══ SOURCE DATA

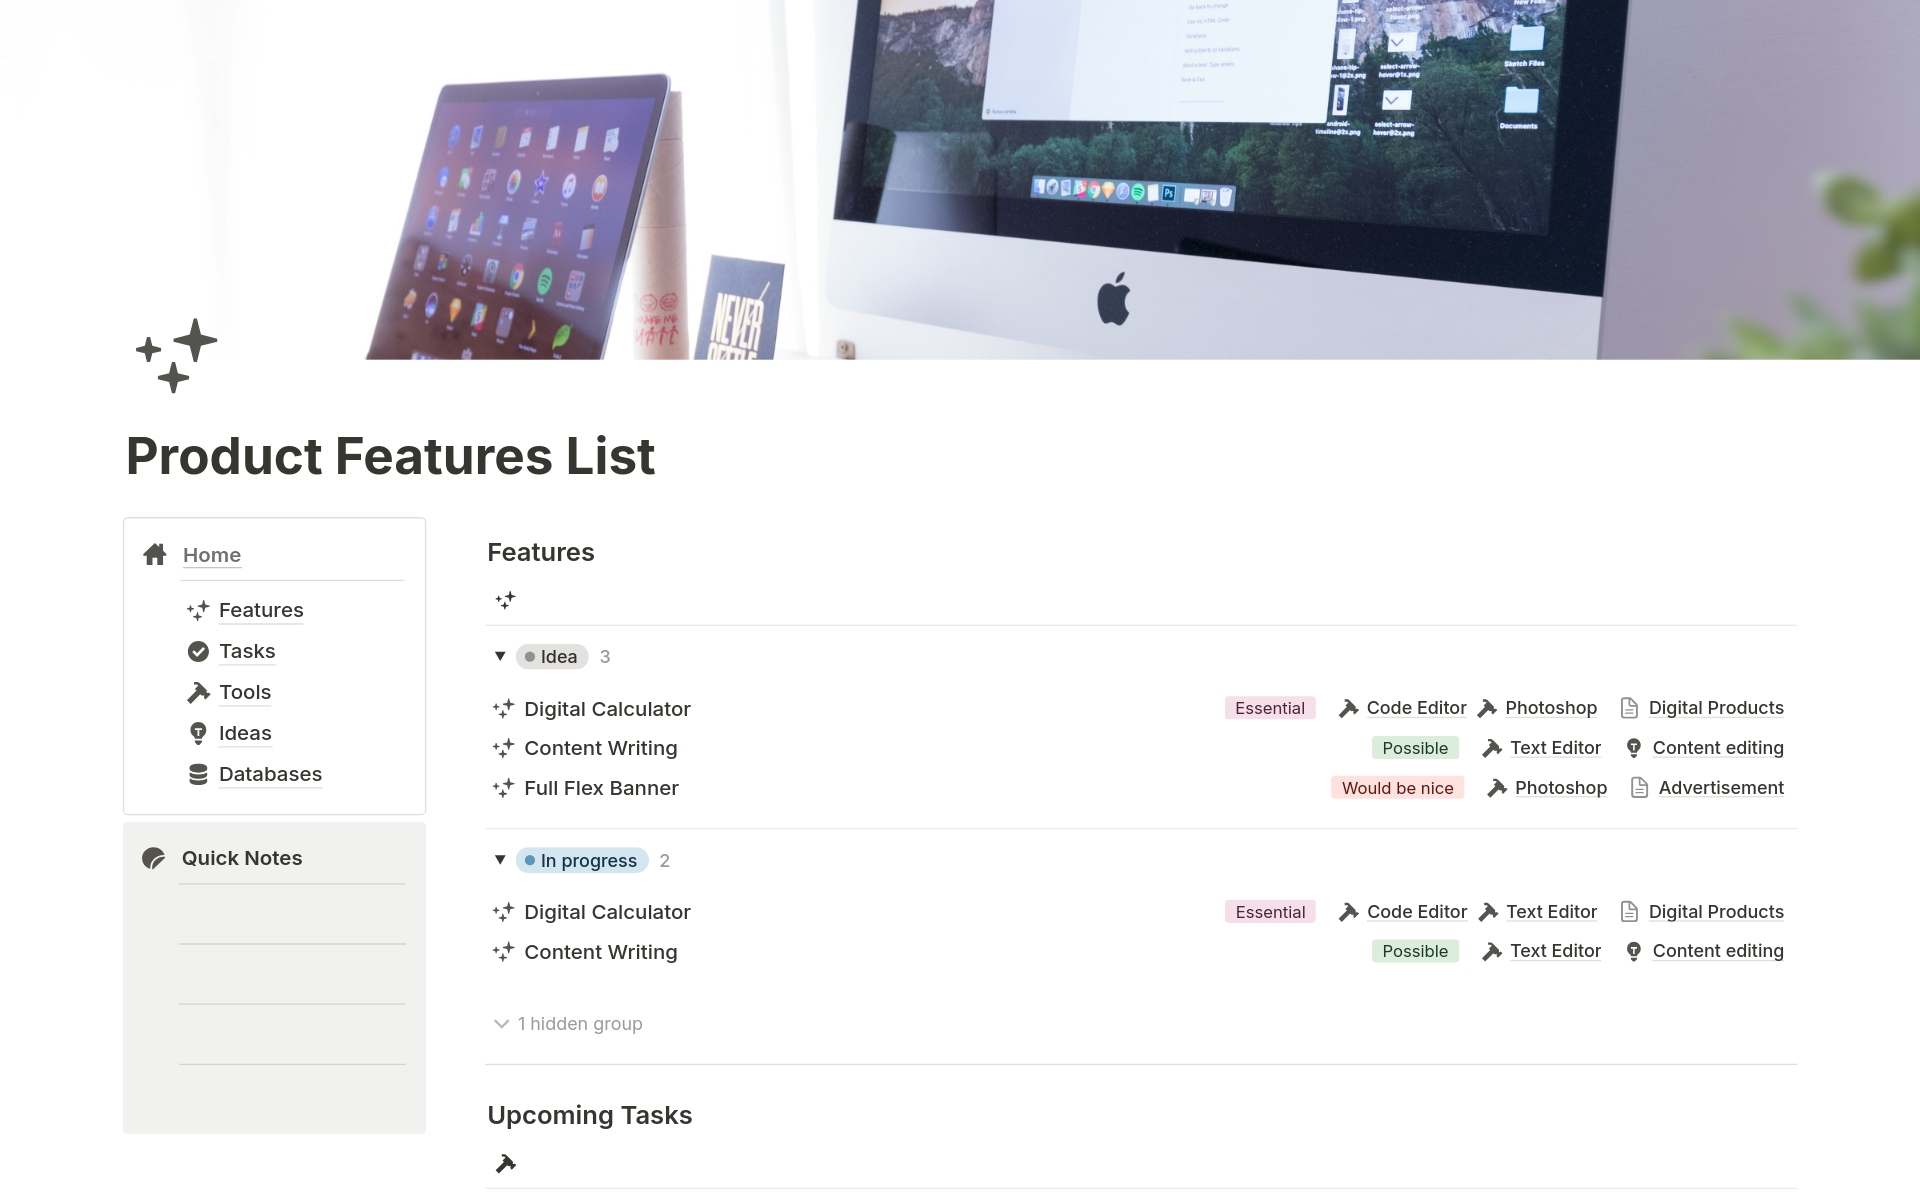 Vista previa de una plantilla para Product Feature List 
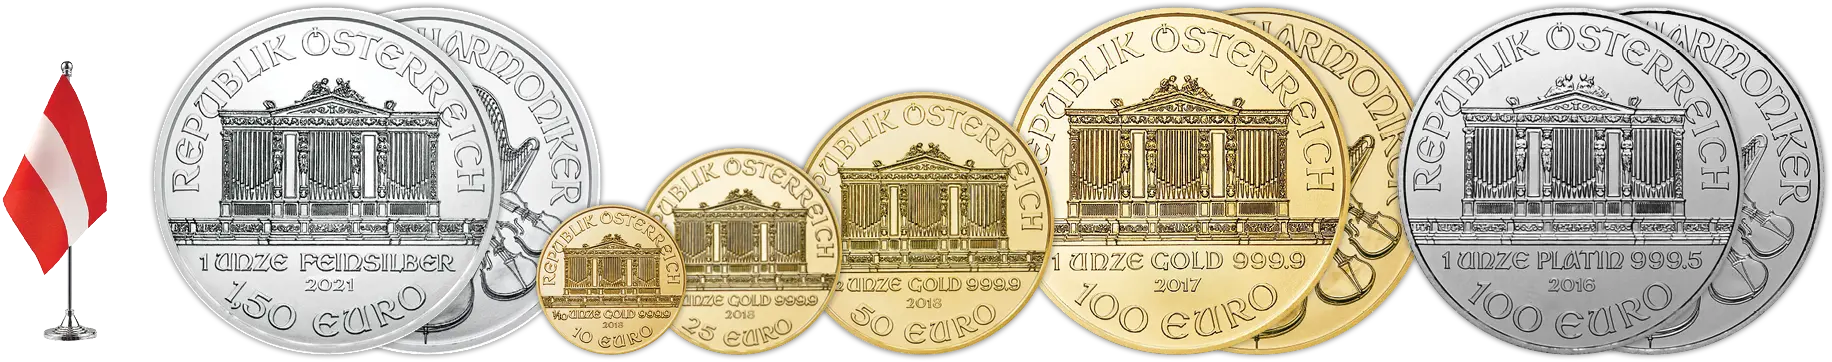 Bécsi Filharmonikus érmesor - 1 uncia ezüst érme, arany érme 1 unciától tized unciáig
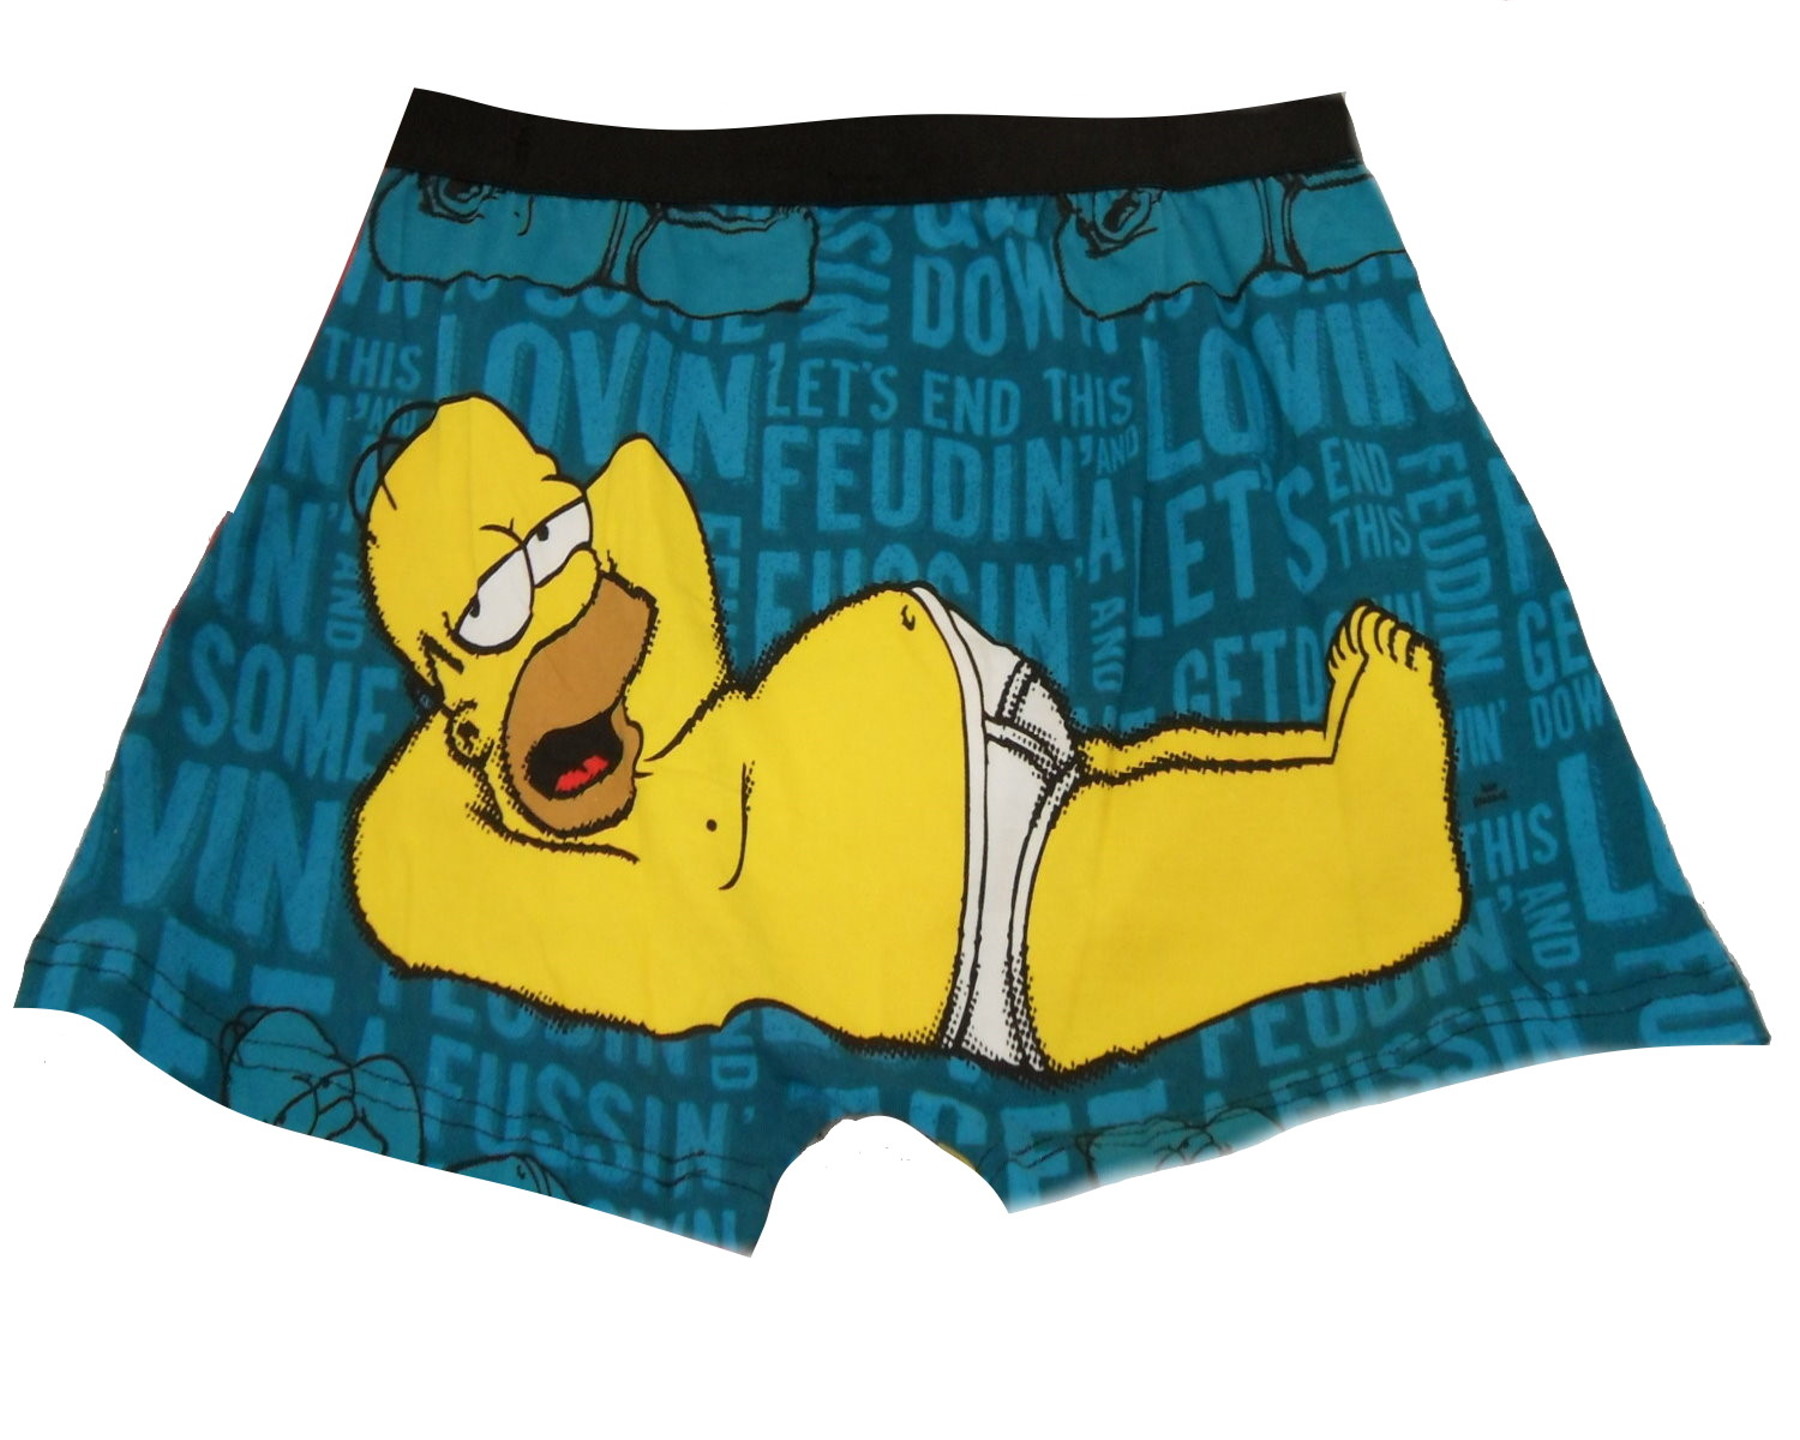 MUW02 Simpsons Boxer Shorts.JPG  by Thingimijigs

════

Omit the pictures, then retype the remaining material without a single change.

 Vista previa de una plantilla para Product Feature List 
 Bécsi Filharmonikus érmesor - 1 uncia ezüst érme, arany érme 1 unciától tized unciáig
 MUW02 Simpsons Boxer Shorts.JPG  by Thingimijigs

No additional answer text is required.